- Born: 9 March 1959 (age 67) Whyalla, South Australia, Australia
- Occupation: Actor
- Years active: 1982−2023
- Known for: Wayne Hamilton in Sons and Daughters Philip Martin in Neighbours
- Spouse: Lee Dowling (1984−present)
- Children: 2

= Ian Rawlings =

Australian actor

Ian Rawlings (born 9 March 1959) is an Australian former actor. He is best known for his long-running roles in soap operas Sons and Daughters and Neighbours. He also appeared in the short-lived serial The Power, The Passion.

==Early life==
Rawlings was born on 9 March 1959, in Whyalla, South Australia. He has four brothers and a sister. Rawlings played Australian rules football for Whyalla in the South Australian northern league. He developed a keen interest in betting on horse racing after his father and grandfather took him to the races in Adelaide when he was eight years old. He also developed an interest in greyhound racing when he was 14, and went onto own and train a number of dogs along with his siblings. He was only interested in racing and training the dogs and not the gambling side of the sport.

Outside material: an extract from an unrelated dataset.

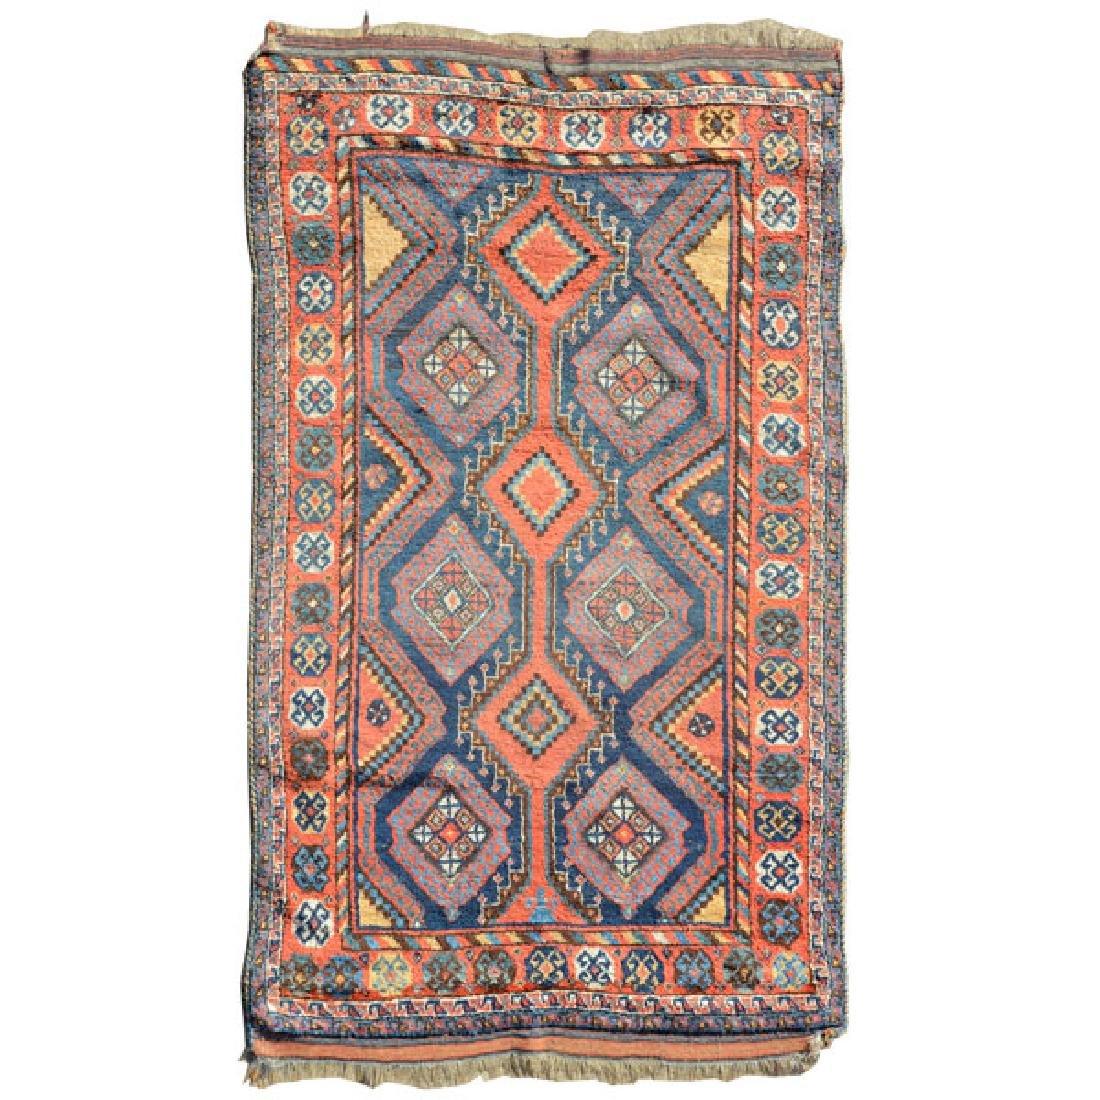 Caucasian Rug in a Geometric: 4 feet 8 inches x 7 feet

Rawlings worked as a storeman in Adelaide for a computer company, before becoming a model when he was 18. He also worked loading trucks at a large freight company, and as a tow-truck driver.

==Career==
Rawlings had little acting experience when he signed for the Grundy Organisation in 1981 to play Wayne Hamilton in Sons and Daughters. He had spent two years trying to secure substantial acting work, and appeared in several amateur productions and as an extra in films produced by the South Australian Film Corporation. He was initially contracted for 15 weeks. In 1985, Rawlings also portrayed his character's look-alike Gary Evans. That same year, he won the Logie Award for Best Supporting Actor in A Series. Rawlings continued in the role of Wayne for the show's entire 1982–1987 run. Ahead of production ending in March 1987, Rawlings formed his own production company, after completing a producers course at the Australian Film and Television School.

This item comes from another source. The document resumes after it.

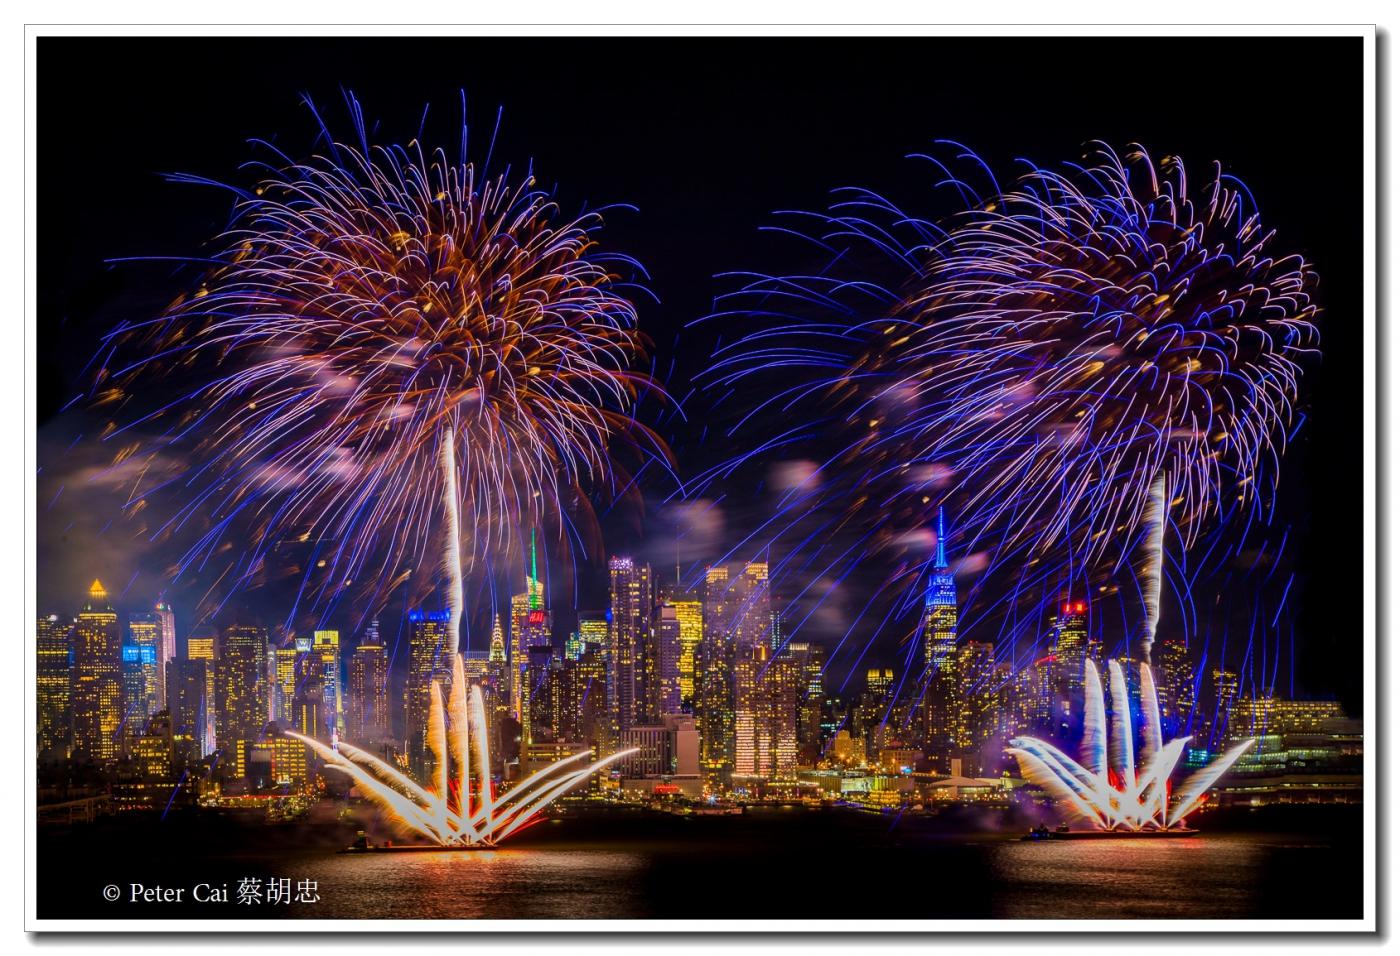 为庆祝中国新年, 纽约昨天晚上盛放焰火_图1-7

In 1989, Rawlings appeared in the short-lived Seven Network soap opera The Power, The Passion as Ryan McAllister. After The Power, The Passion was cancelled, Rawlings took on a job as a salesman at the freight company he previously worked for prior to his acting career taking off. He said it was a "natural place to go back to" with no acting work forthcoming. He found that being well known to the public helped him with sales.

In 1992, Rawlings had a guest role as Marcus Stone in the Network Ten soap opera Neighbours. A few months later, he joined the main cast as Philip Martin, taking over the role from Christopher Milne. Rawlings played Philip until 1999. He briefly reprised this role in episodes commemorating the programme's 20th anniversary in 2005. Rawlings reprised the role for the Neighbours vs Time Travel webseries in 2017. Rawlings made a cameo appearance in the final episode of Neighbours in mid-2022, and again in late 2023, when the series was picked up once again.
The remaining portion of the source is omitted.